Оба продолжали смотреть друг на друга, И в молчании, нарушаемом только посвистыванием какой-то птички, шаловливо резвящейся на ветвях пальмы, в дворцовом патио, возник контрапункт голосов, звуки которых не срывались с губ:

Даже не представляет, до какой степени вошел в свою роль.

Скорее смахивает на провинциального поэта, чем на кого-либо другого.

Именно выдерживает позу.

Из тех, кого премируют на «конкурсах цветов».

Великолепно сверкает в своей мишуре.

Костюмчик-то приличный, похоже, из модного магазина «The Quality Shop».

Морда, как куриная гузка.

девичьи щечки

на фотоснимках выглядел более светлокожим — с годами заметнее происхождение

непричесан, галстук еле завязан, конечно, ради стиля

столько одеколона, что разит, как от проститутки

не хватает ему масштаба, силы, чтобы разыгрывать из себя что-то значительное

есть что-то отталкивающее в выражении его лица

себя, видимо, считает за Мазаньелло[307]

я считал его более старым

любопытно, на меня смотрит с ненавистью или со страхом?

руки его дрожат: алкоголь

у него руки пианиста, но за ногтями не следит

классический тиран

архангел, каким в юности казались и мы все

порочный человек, способный на любое свинство: это написано на его лице

лицо юнца, еще не познавшего многих женщин: соломенный интеллигентик

даже не чудовище: надутый индейский касик

такие хиляги хуже всего

ну и спектакль: манера принимать, свет на лицо, эта книжка на столе

способен на любое: терять ему нечего

нечего так вглядываться, глаз не опущу

хотя и храбрец, но пытки не выдержит

задаю себе вопрос, выдержу ли пытку; бывают и такие, что не могут...

думаю, что ему страшно

пытку...

если его прижать слегка

будут выпытывать у меня имена

чего еще ждать — вначале надо припугнуть

руку подносит к звонку: сейчас вызовет

нет, я дал себе слово

не знаю, смогу ли выдержать

заговорить первым.

ужасно подумать об этом, об этом, об этом...

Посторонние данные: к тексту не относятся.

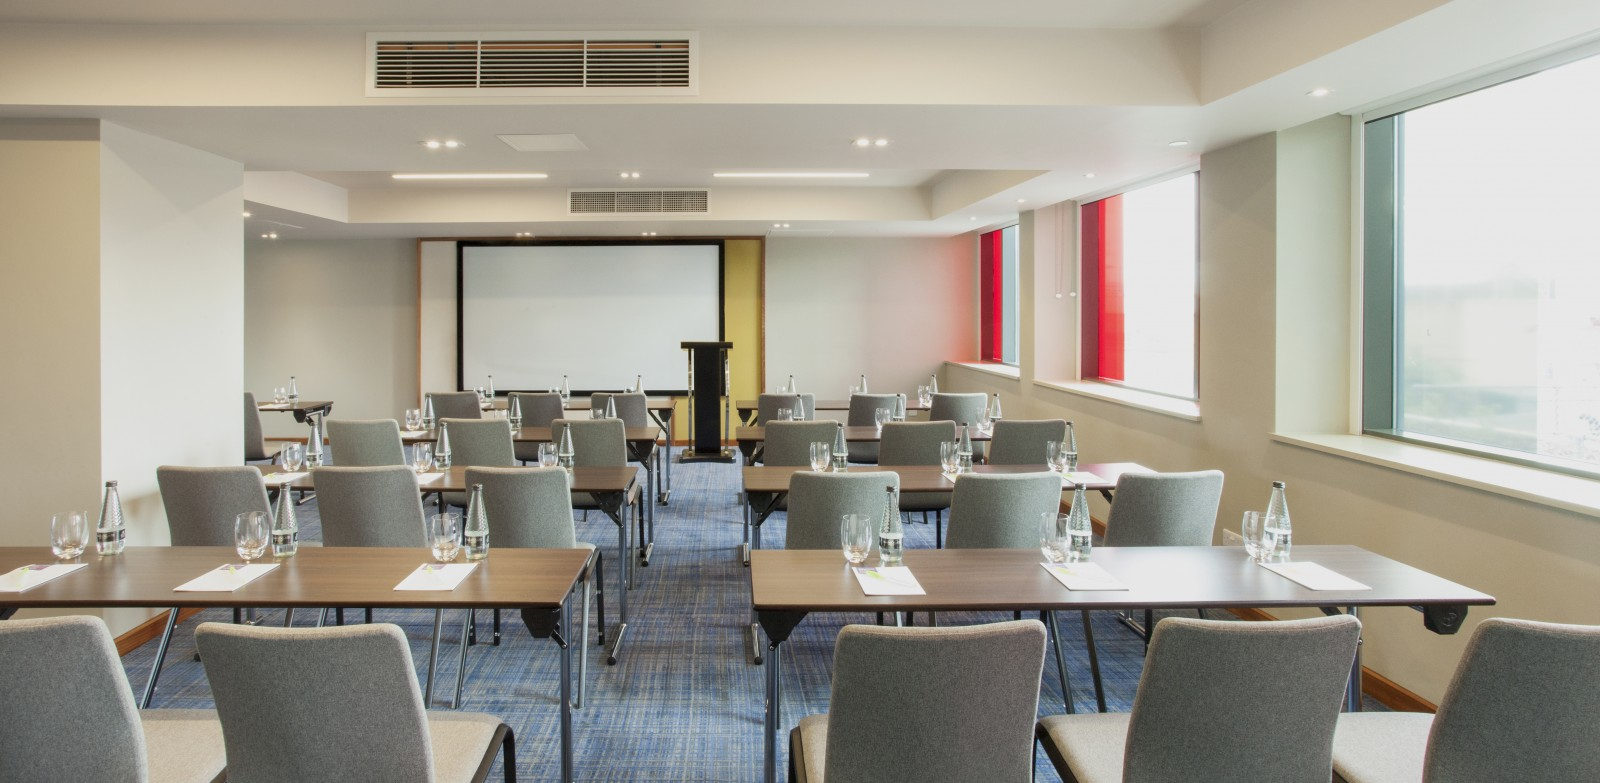 8-HyattPlacePresentation_Room_3_with_board - Juttla Architects

незачем делать из таких людей мучеников, незачем делать мучеников — надо стараться не делать этого

он дал мне слово, но слово его ничего не значит

все знают, что в эти часы Он здесь; и что я дал себе слово

сейчас позвонит: я уже вижу себя в наручниках

других, более крепких, чем эти, и то удавалось переубедить

когда же он решит заговорить?

выпустить его, и пусть за ним следят: куда-то должен он пойти

почему он ничего не говорит, эта сволочь? Почему не открывает рта?

начал потеть

вот еще пот выступил, а платка у меня нет, платка нет; и в этом кармане тоже нет...

ему страшно

улыбается хочет, видимо, что-то мне предложить, какое-нибудь свинство

а что, если угостить его глотком

уверен, предложит мне выпить

ведь не примет, прикинется чистеньким

хорошо бы предложил глоток: мне было бы легче

не хочу нарываться на отказ

Ну, давай, давай, наберись храбрости, бутылочку из этого чемоданчика, все же знают, что в нем

однако, да...

Хочу сказать вам... хочу сказать...

похоже, меня он не понял... шум грузовика

кажется, что он мне сказал, предложил выпить, но не расслышал: этот грузовик

теперь трамвай

трамвай

не ясен жест

вероятно, он не разгадал мой жест ну, мы поглядели друг на друга уже достаточно, сейчас — книжку, чтобы видел, что...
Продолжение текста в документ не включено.